Suddenly, Bonita faced him on the pavement. ‘Do not talk disrespectfully to our tutor. Where is your work? Go home and bring it at once.’ I was amazed to see him almost cowering. He apologised to me and said he would get it to me within two hours – which he did. I saw Bonita in a different light after that. She had real strength. Strength? Where had I heard that recently?
‘What brings you here?’ I asked. ‘Not requiring our services, I hope?’ ‘No, William,’ she said, ‘didn’t you know I returned to England and qualified as a barrister? I am here to join you.’
No, I had not known. All the pieces fell into place. ‘You are Bonita Ackerman,’ I said. ‘Of course, William. Don’t look so surprised! I got married. I have just been interviewed by your committee.’
This is how I found myself on a river bus going to a court on the other side of the river yesterday with Bonita, Hetty Briar-Pitt, one of the Twist brothers and Paddy Corkhill – where we were all due to have some kind of ghastly afternoon case review in a brief I had not yet fully mastered. We took on Bonita with alacrity – particularly when it turned out she was leading Paddy in a case – this case. The sun was shining and, for those old enough, it felt like an episode of that long-running boat saga of the eighties, Howards’ Way.
It turned out they served a range of refreshments on board including a selection of wines, one of which Paddy was waving around rather unwisely on the bow deck. Hetty was meanwhile explaining that this was the route Thomas More took with a one-way ticket to Traitors’ Gate in the Tower of London and I was rather regretting the fritters I had eaten at lunchtime as the Thames was a touch choppy.

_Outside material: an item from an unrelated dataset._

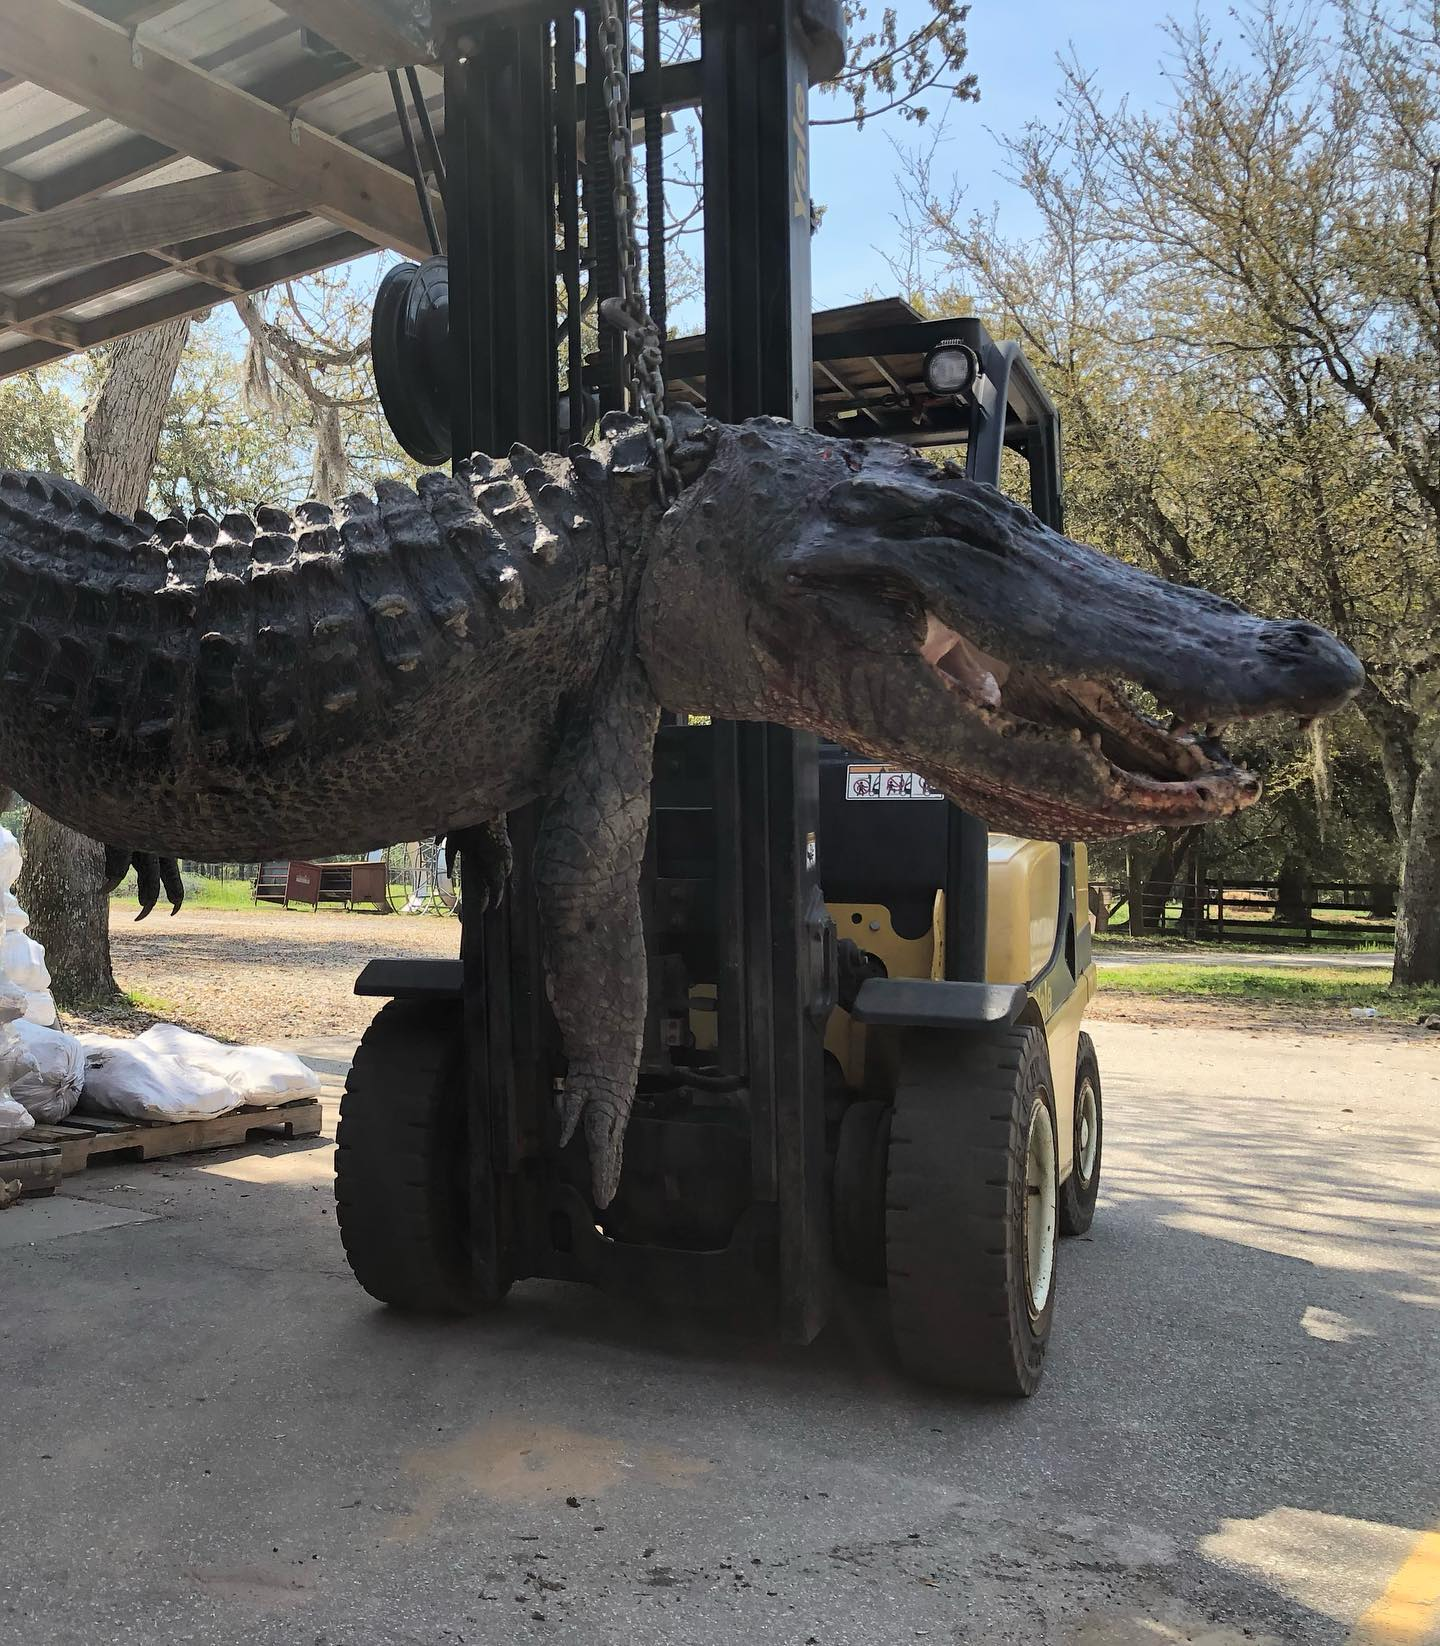 Dog-Eating Alligator Killed in South Carolina
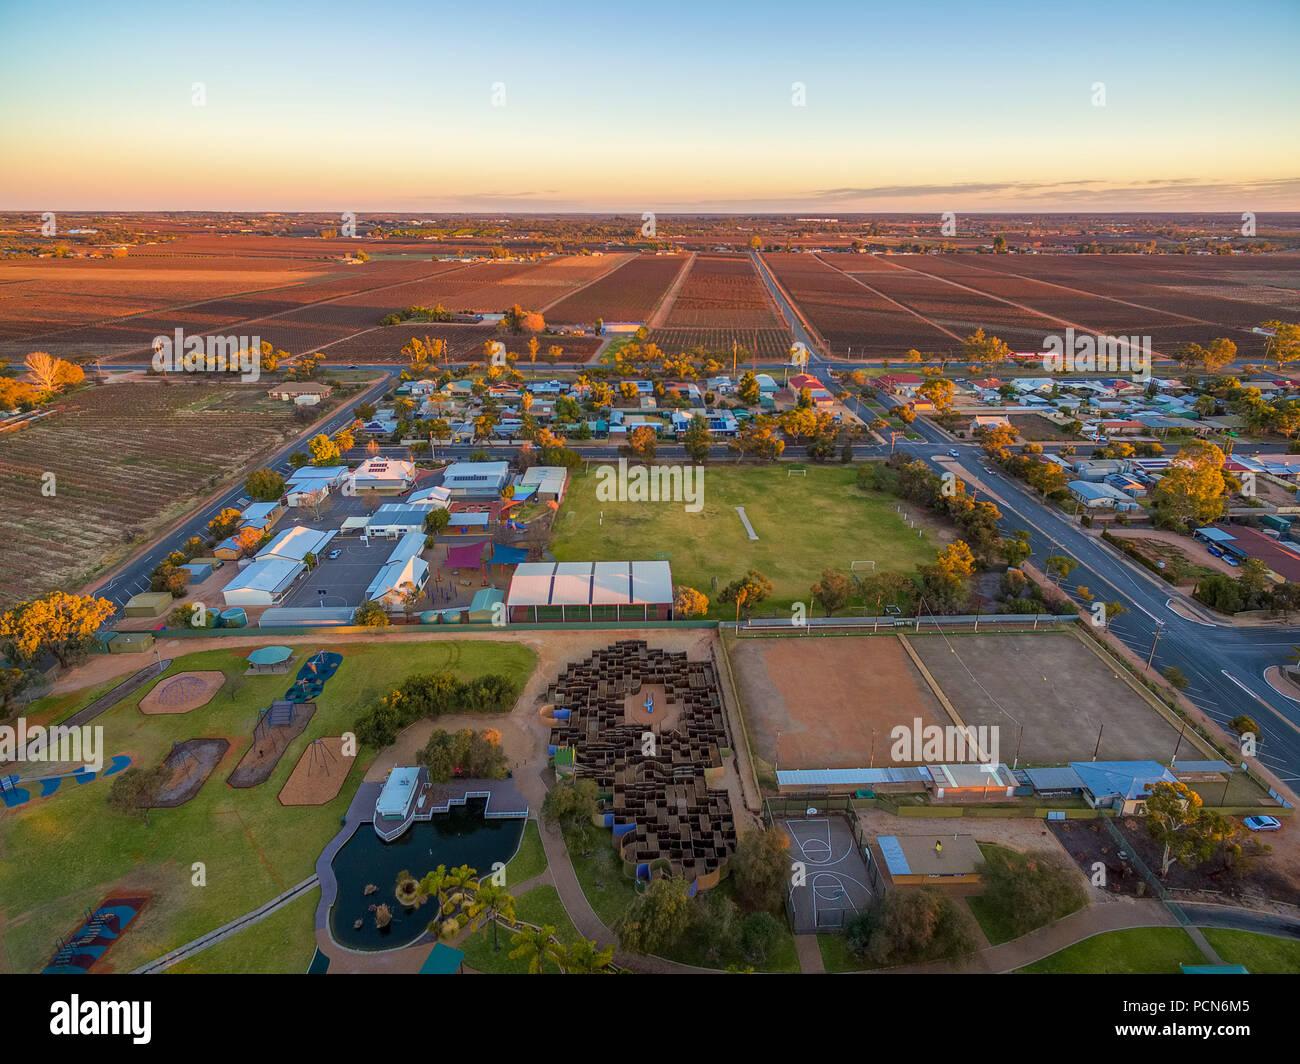 Aerial view of Monash adventure park, Riverland, South Australia Stock Photo

Suddenly, Bonita said: ‘No wine for you, Paddy. Whatever are you thinking of before a court hearing?’ She swept the glass out of Paddy’s hand and downed the whole lot in one go. The years collapsed for a second time and I saw this extraordinary human dynamo as I had seen her in that cobbled street berating that naughty student, and I have to confess I could feel a small tear forming. ‘Wind drying my contact lenses,’ I said, but Bonita gave me a smile. She knew.